Tome-se, por exemplo, a infância do pequeno Walt, passada entre Kansas City e a minúscula cidade de Marceline, que ele não cansava de citar como fonte de sua prodigiosa imaginação. Esses anos teriam sido paradisíacos, não fosse um porém: seu pai era um carrasco. Movido pelas ideias socialistas (o que explicaria, mais tarde, a posição conservadora do filho rebelde), Elias Disney apostava em negócios que nunca davam certo.

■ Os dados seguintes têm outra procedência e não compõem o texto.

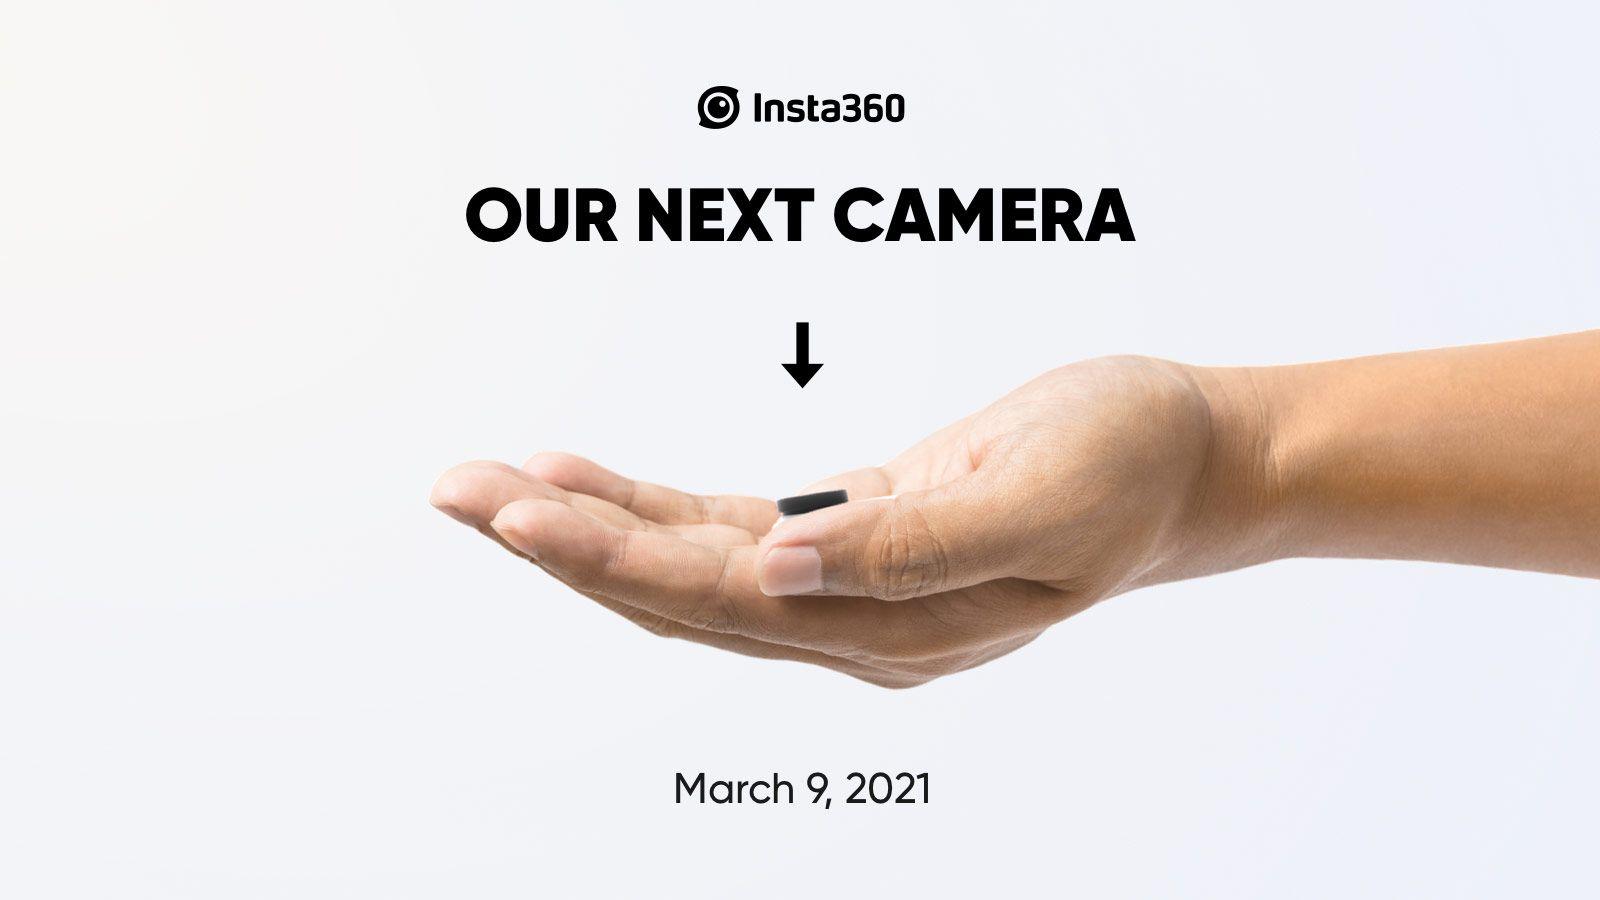 Рекламный баннер новой камеры Insta360
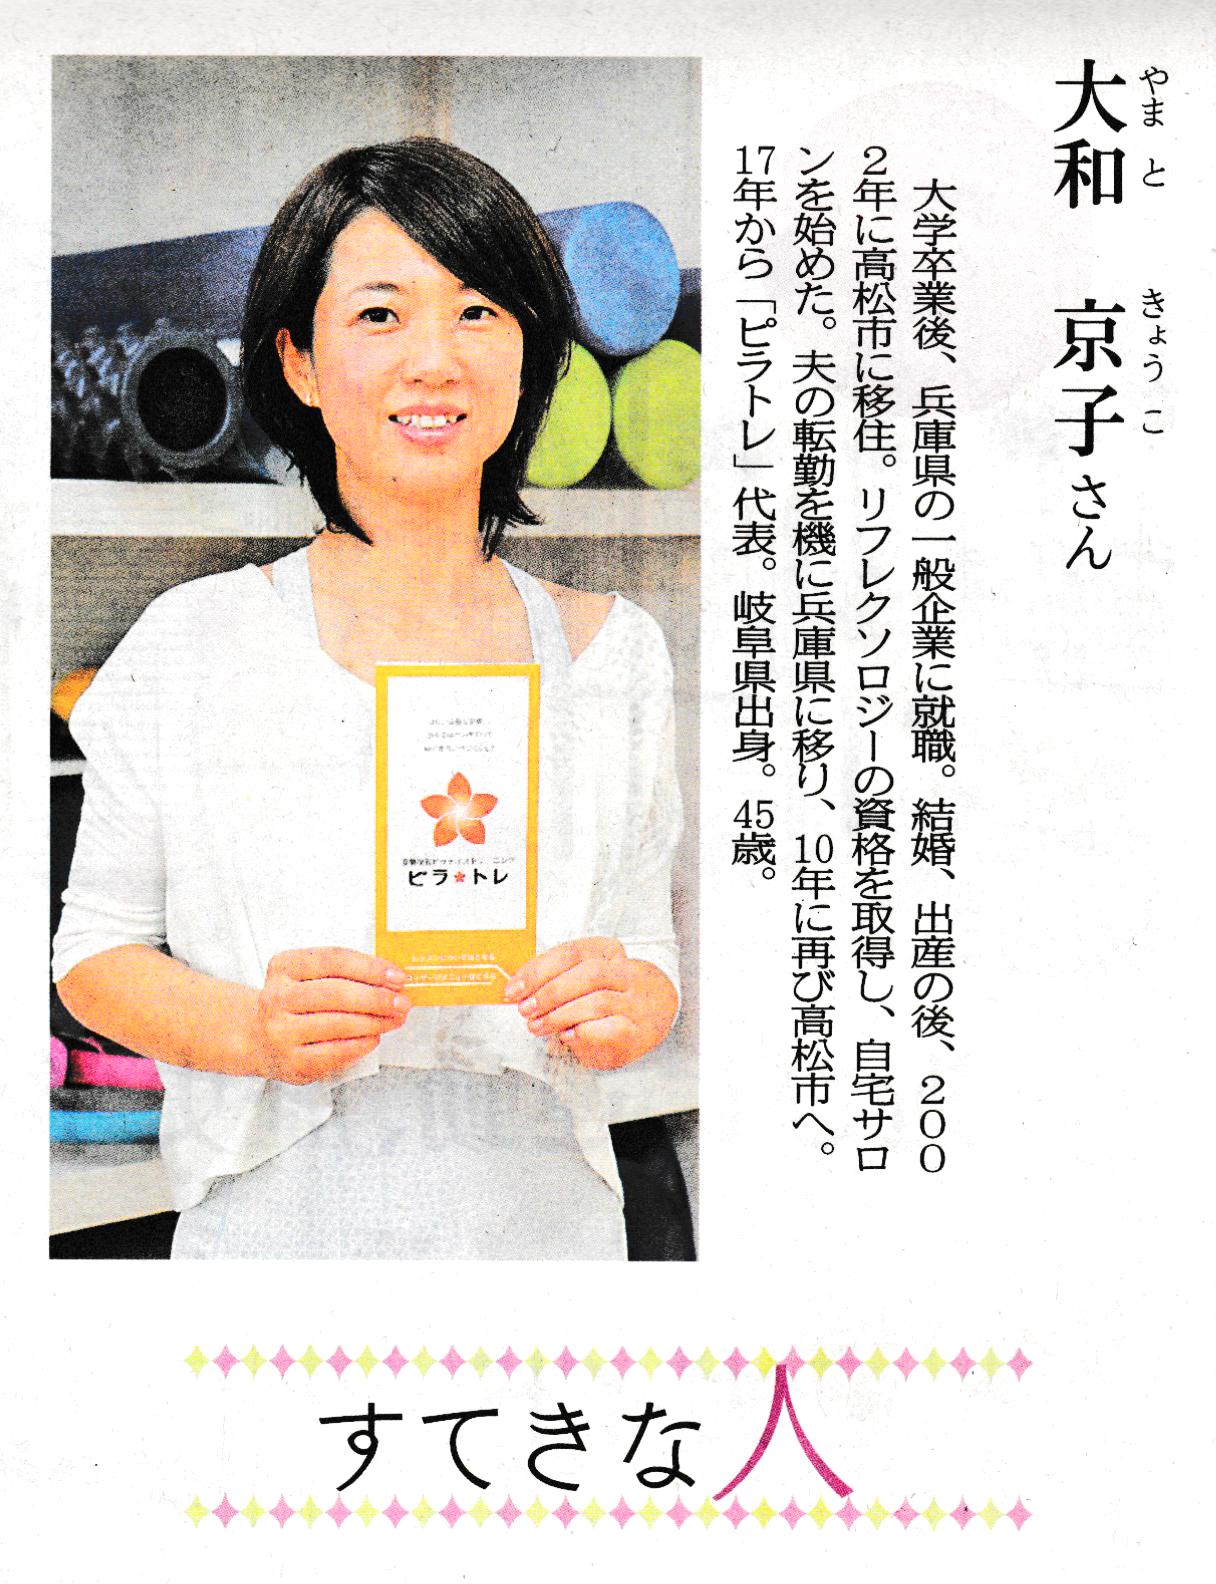 四国新聞掲載記事

Em Kansas City, decidiu investir na entrega de jornais. Mas quem tinha de acordar às três da manhã para sair de casa em casa jogando os matutinos era o pequeno Walt. No inverno, a atividade tornavase um suplício, já que o menino tinha de depositar o jornal em cada varanda e não apenas atirá-lo da rua. Algumas vezes, encontrava no canto um brinquedo abandonado: deixava os jornais de lado e esquecia do tempo se divertindo.No Natal, ganhou não um trenzinho, mas um par de botas com biqueira de metal para enfrentar as invernadas: "Não tinha uma hora em que pudesse brincar."

O hábito do trabalho precoce fez dele um workaholic. "O estúdio era o sexo. Os orgasmos estavam todos lá", disse Ward Kimball, um de seus conhecidos desenhistas. Na época de Branca de Neve, quando ele varava dias, noites e fins de semana no trabalho, sua mulher, Lillian, quase pediu o divórcio. "Ninguém jamais pagará um centavo para ver um filme de anões", praguejava. Ela se enganou, claro. Mais tarde, cansado dos filmes, Disney buscou a realização em empreendimentos como a Disneylândia e em hobbies extravagantes, como a construção de uma estrada de ferro em miniatura em sua nova casa.

"Comprei para mim um presente de Natal, algo que quis durante toda a minha vida – um trem elétrico", escreveu. Ao final da vida, doente de câncer e alcoólatra, aquele que sempre foi acusado de ter infantilizado a cultura americana costumava se lembrar da infância, segundo os mais próximos, com um "suspiro lamentoso". A imagem que vem à mente é a do personagem de Cidadão Kane e seu trenó, Rosebud. Orson Welles, é sabido, inspirouse em outro magnata, William Randolf Hearst, para fazer sua radiografia do "self made man" americano. Mas bem poderia ter se mirado em Disney.

TRECHO DO LIVRO

"Walt adorava bancar o maquinista. Ele punha um boné e uma camisa quadriculada, sentava no carro de trás da locomotiva e acendia a máquina. Os convidados eram invariavelmente chamados para dar uma volta no trem, uma lista que incluía a cantora Dinah Shore e até Salvador Dalí"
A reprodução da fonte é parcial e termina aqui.